PGI condemns Mariam Awaisu’s arrest, says law should protect activists, not abusers

The National Coordinator of Proactive Gender Initiative (PGI), gender-based non-governmental organisation in Abuja,  Barr. Esther Uzoma, has called for the protection of activists in the forefront against sexual predators and their sponsors.

Uzoma made the call in the wake of the arrest and detention of Maryam Awaisu in Kaduna state over  the trending hashtag, #ArewaMeToo on Twitter, which detailed the experiences of Twitter users with sexual assaults.

“It is a misnomer that those in the vanguard against sexual abuse and working really hard to bring to fore the grave danger young women and girls face are now the ones being hounded by the law.

“The criminal justice system should rather be activated to protect those serving communities and ensuring that abusers, sexual or otherwise, face the full weight of the law,” Uzoma said in a statement on Thursday in Abuja.

According to the rights activist, it was a shame that Awaisu could be treated as a common criminal rather than be protected and celebrated for standing up for vulnerable ladies and girls in northern Nigeria.

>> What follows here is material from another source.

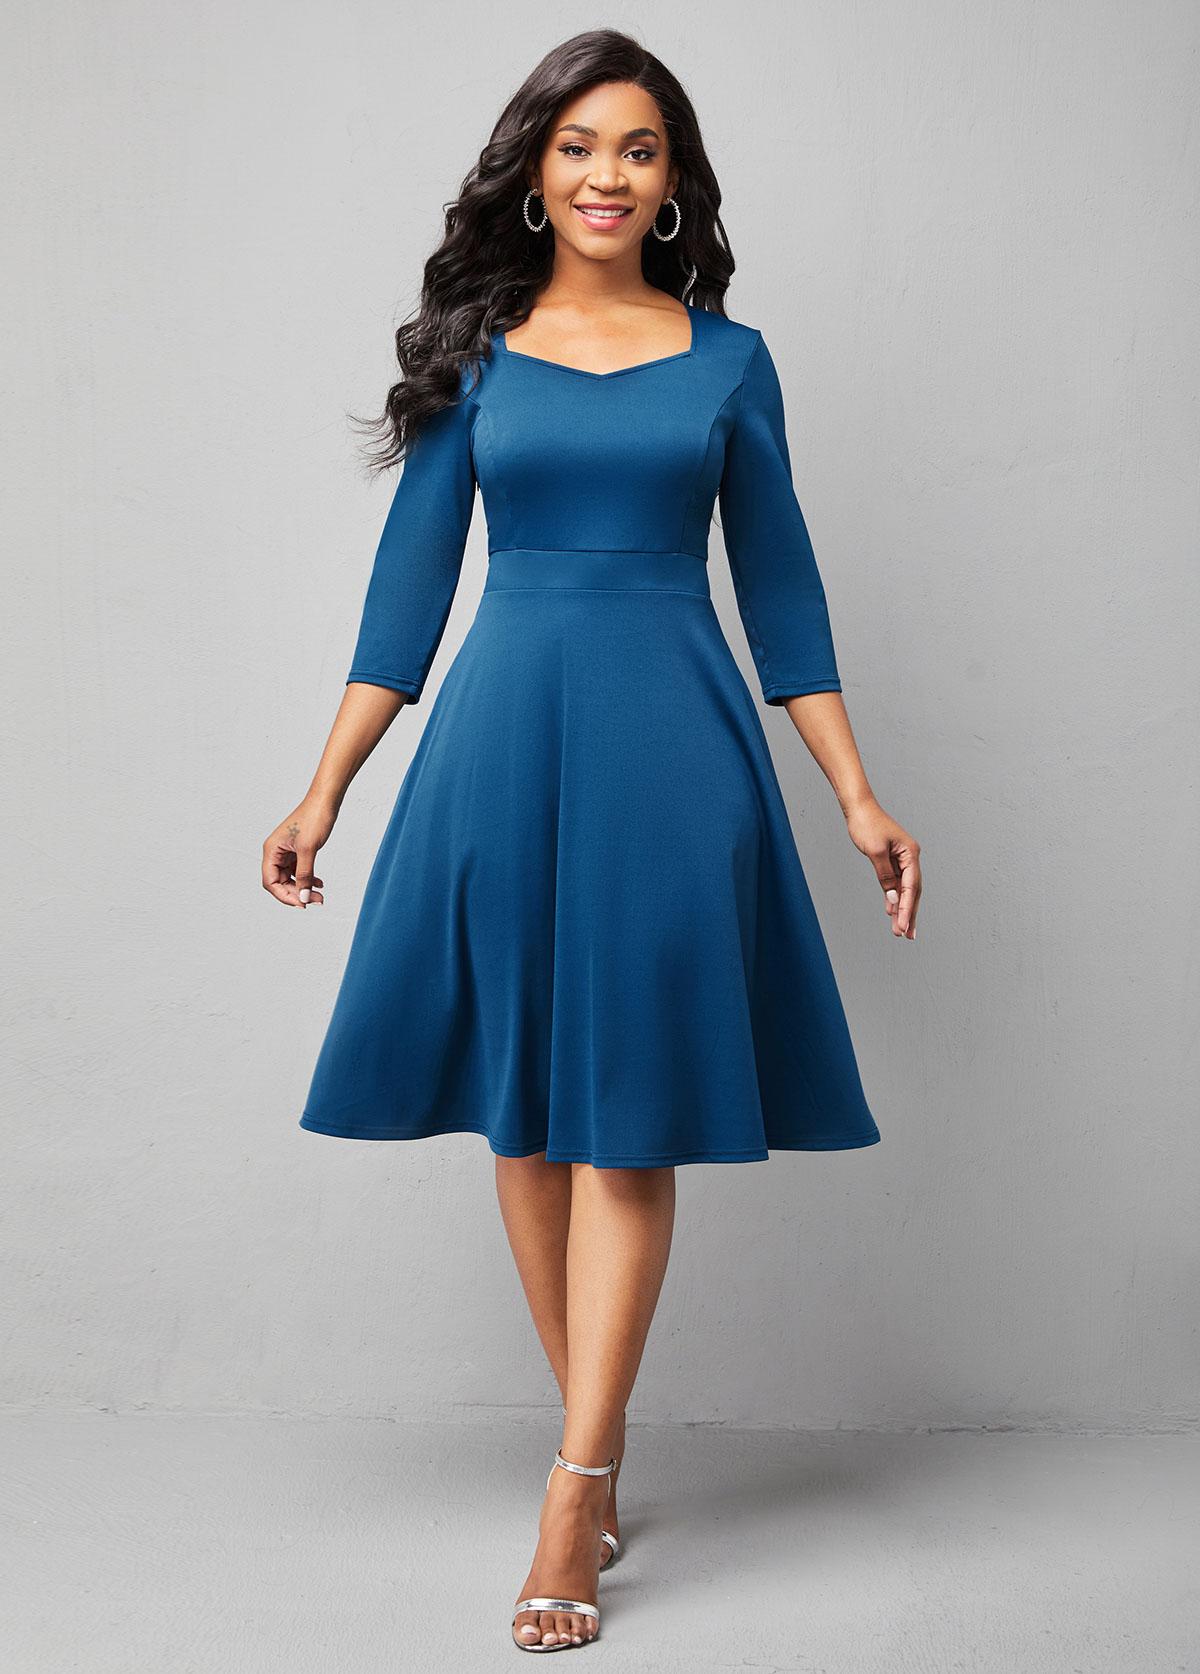 Solid 3/4 Sleeve Sweetheart Neckline Dress

She stressed that without the backing of law enforcement agencies against incidences of rape, physical abuse and traditional harmful practices, cases of incest and unwanted pregnancies will continue to be on the rise, thereby putting the moral fabric of society in serious danger.

“To tell you how increasingly decadent society has become, the 13-year-old girl who was impregnated by her father just gave birth to a baby girl in Benin City, Edo State. If people like the girl’s father, Friday Moses, are not made examples of, other pedophiles and their likes will be emboldened.

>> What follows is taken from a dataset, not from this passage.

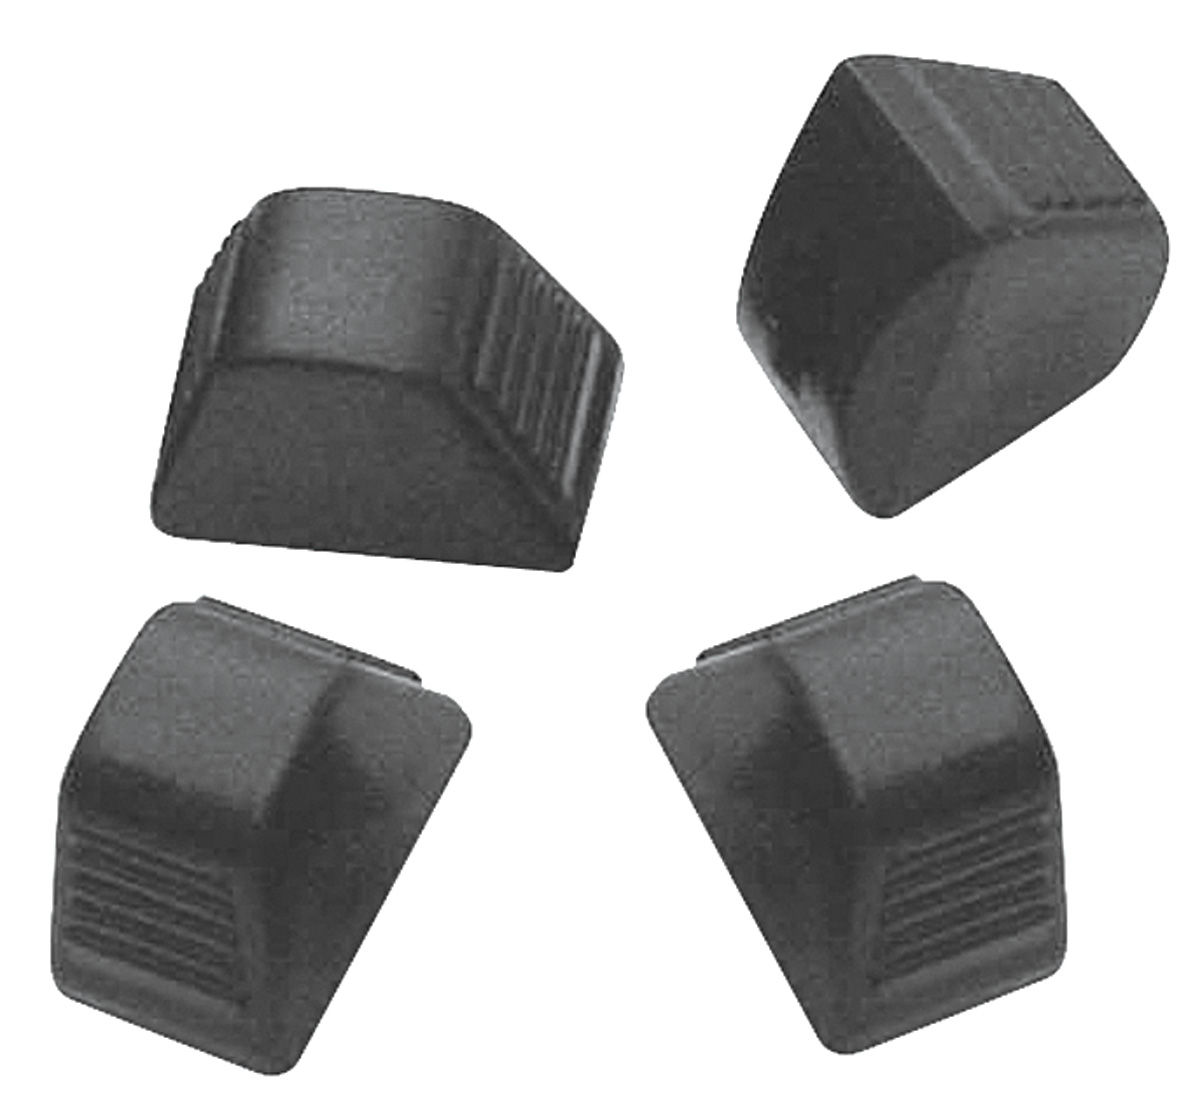 Photo of Climate Control Knob Black AC knob (4-piece)

“The law must be seen to work for the vulnerable, the oppressed and marginalized. Anything other than this, it is a Hobbesian state, where only the fittest survive.

“Here in the FCT, Abuja, we have had our own share of such sordid happenings and despite the funding challenge, we remain committed to helping abused women.

“But we know the courts, especially the police can do more and should do more,” Uzoma said.